10 Essential Nutrients for Athletes
A healthy and balanced diet combined with fitness training is the basis for becoming a successful athlete capable of making progress every day.
That's why it's vital to talk about the nutrients for athletes that you should include in your daily diet. Do you want to know what these nutrients are and what is the main benefit of their consumption? We will tell you about them in the following text.
Nutrients for athletes: Which ones are the best?
- B vitamins
These vitamins are related to energy production and fatigue reduction, so they are ideal for runners. They include vitamins B1, B2, B5, B6, B7, B9, and, above all, B12.
Vitamin B12 is essential for athletes' recovery and is abundant in foods such as sardines, rabbit meat, or mussels.
Vitamins B9 and B12 are also present in carrots, lettuce, or tomatoes.
Vitamin B1 is abundant in eggs or peanuts, and vitamin B2 is present in almonds.
Vitamin B3 can be consumed through brown rice. In addition, vitamin B5 is perfect for worn-out immune systems and is found in seeds and grains.
- Vitamin C
It is best known for reducing cold and flu symptoms in winter, but this vitamin is also recommended for runners because it helps to improve bone health, reduce fatigue and tiredness and improve iron absorption, which is another essential nutrient for athletes. Foods rich in vitamin C are oranges, kiwis, red peppers, strawberries, and broccoli.

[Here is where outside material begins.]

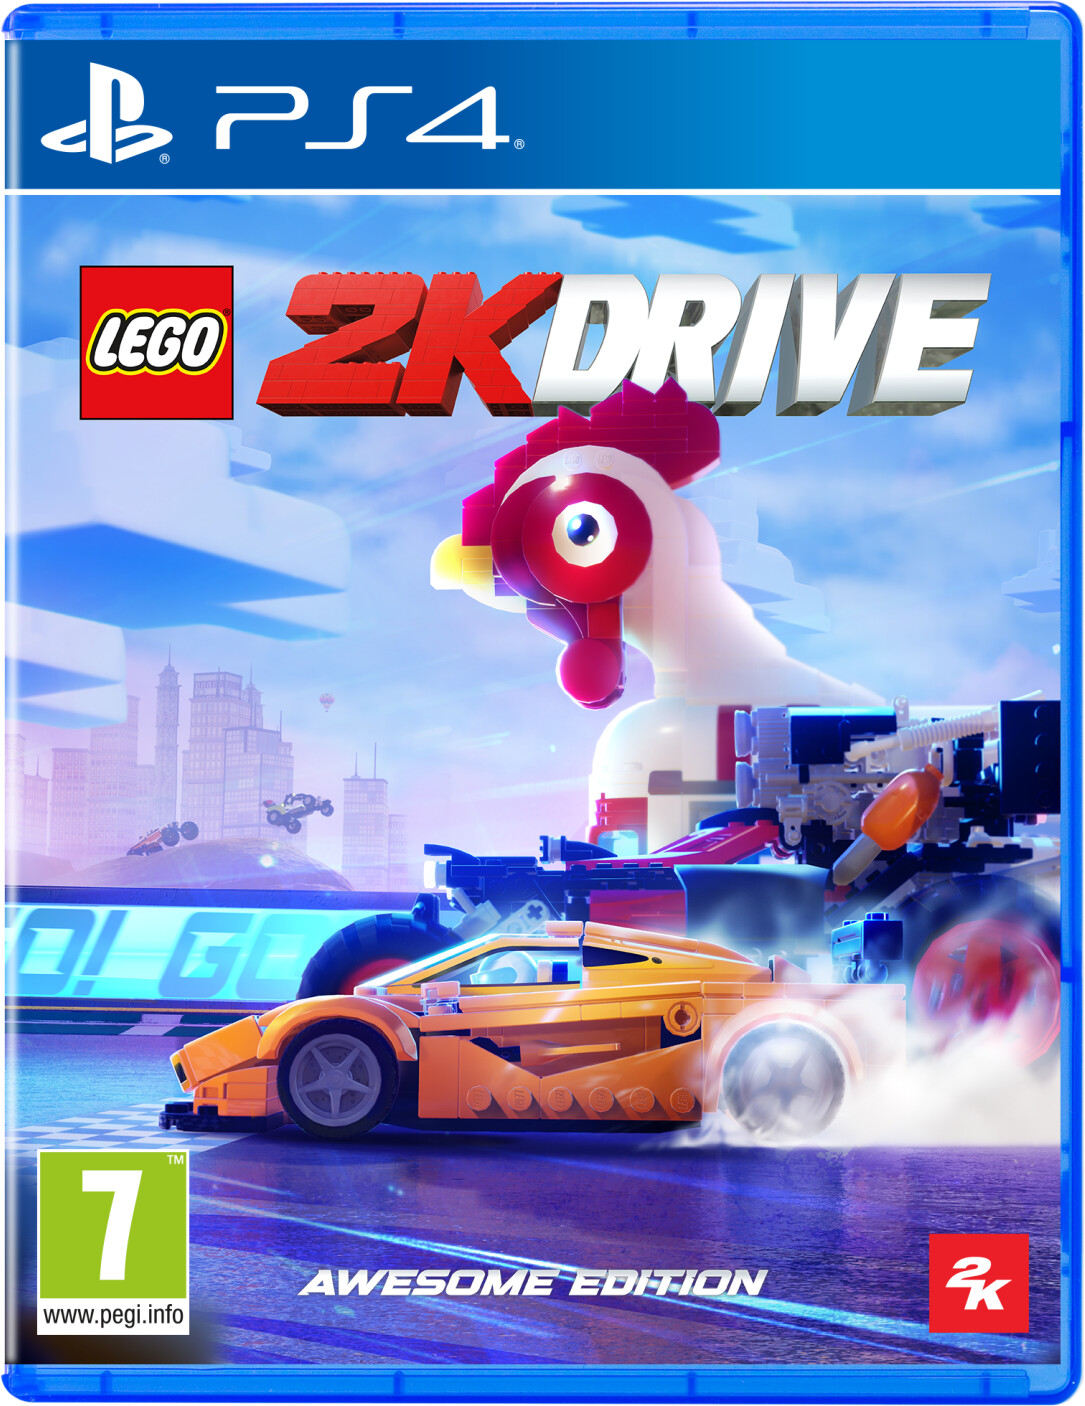 Photos - Game Take 2 LEGO 2K Drive: Awesome Edition (PS4)

However, you can also buy vitamin C supplements when working out or running as your body will need more of this antioxidant vitamin. The recommended daily dose of vitamin C for athletes is 1000 to 2000mg, but some take up to 3000 mg.
- Vitamin D
This vitamin reduces the risk of bone fractures and accelerates the recovery process after an injury. It is present in certain fish such as anchovies and eggs. In addition, the sun is the source of energy that can bring more vitamin D to the skin, so do not hesitate to run in suspenders and shorts whenever it's sunny outside
- Vitamin E
Vitamin E is a powerful antioxidant that will help you avoid premature exhaustion. Besides being excellent for bone, hair, and skin health, vitamin E is a powerful ally of athletes with high performance as it promotes endurance and pushes personal performative limits without suffering injuries. Almonds, sunflower seeds, avocado, squash, trout, and shrimp are some of the foods with the highest content of vitamin E that you can introduce to your diet.
- Vitamin K
This is perfect for female runners because of its effect on bone resorption. Where to find it? In green leafy vegetables. Vitamin K prevents Calcium from building in the arteries and helps the mineral promote bone health.
This is another of the most popular nutrients for its positive effect on bones. It is present in dairy products, salmon, green leafy vegetables, and nuts, among others. Calcium is a crucial mineral for bone formation and skeletomuscular health.
Oatmeal and whole-grain products are natural sources of fiber that will bring you invaluable benefits. For example, their consumption before a race or a long or intense workout can increase an athlete's performance and prevent muscles from tearing and causing severe injury.
Fibers also minimize indigestion and gasses, important for full-power performance whether in recreational or professional athletes.
Iron is one of the essential nutrients for runners. Iron is responsible for producing hemoglobin in red blood cells and this, in turn, is responsible for transporting oxygen to the tissues and carbon dioxide from the tissues to the lungs, where it ends up being eliminated. In addition, iron is an essential nutrient in the synthesis of myoglobin, a special protein that stores and manages oxygen in the muscles.
It is usually very low in women, so lentils, soybeans, spinach, chard, chicken, fish, whole grains, and clams must be part of female athletes' diet.
- Magnesium and potassium
These two nutrients are ideal for managing proper muscle contraction. However, they reduce when you sweat and exercise, so you can start consuming more bananas and sweet potatoes if you're working out regularly.
Salmon, herring, sardines, and mackerel are some of the highest Omega-3 content foods. Omega-3-rich foods and supplements can prevent the delayed onset muscle soreness (DOMS) in high-performance athletes, especially if consumed in a fish oil form or capsules. Enhanced athletic performance is another benefit of Omega-3 for athletes, as well as bone and heart health, essential for endurance during strenuous sessions.
Vitamins and minerals such as all vitamins B, vitamin C, vitamin K, Calcium, Iron, Potassium, and Magnesium, are essential nutrients for optimal athletic performance and health.
The list won't be complete without fiber and Omega-3 fatty acids that every high-performing athlete needs for obtaining more energy and impeccable bone and muscle structure.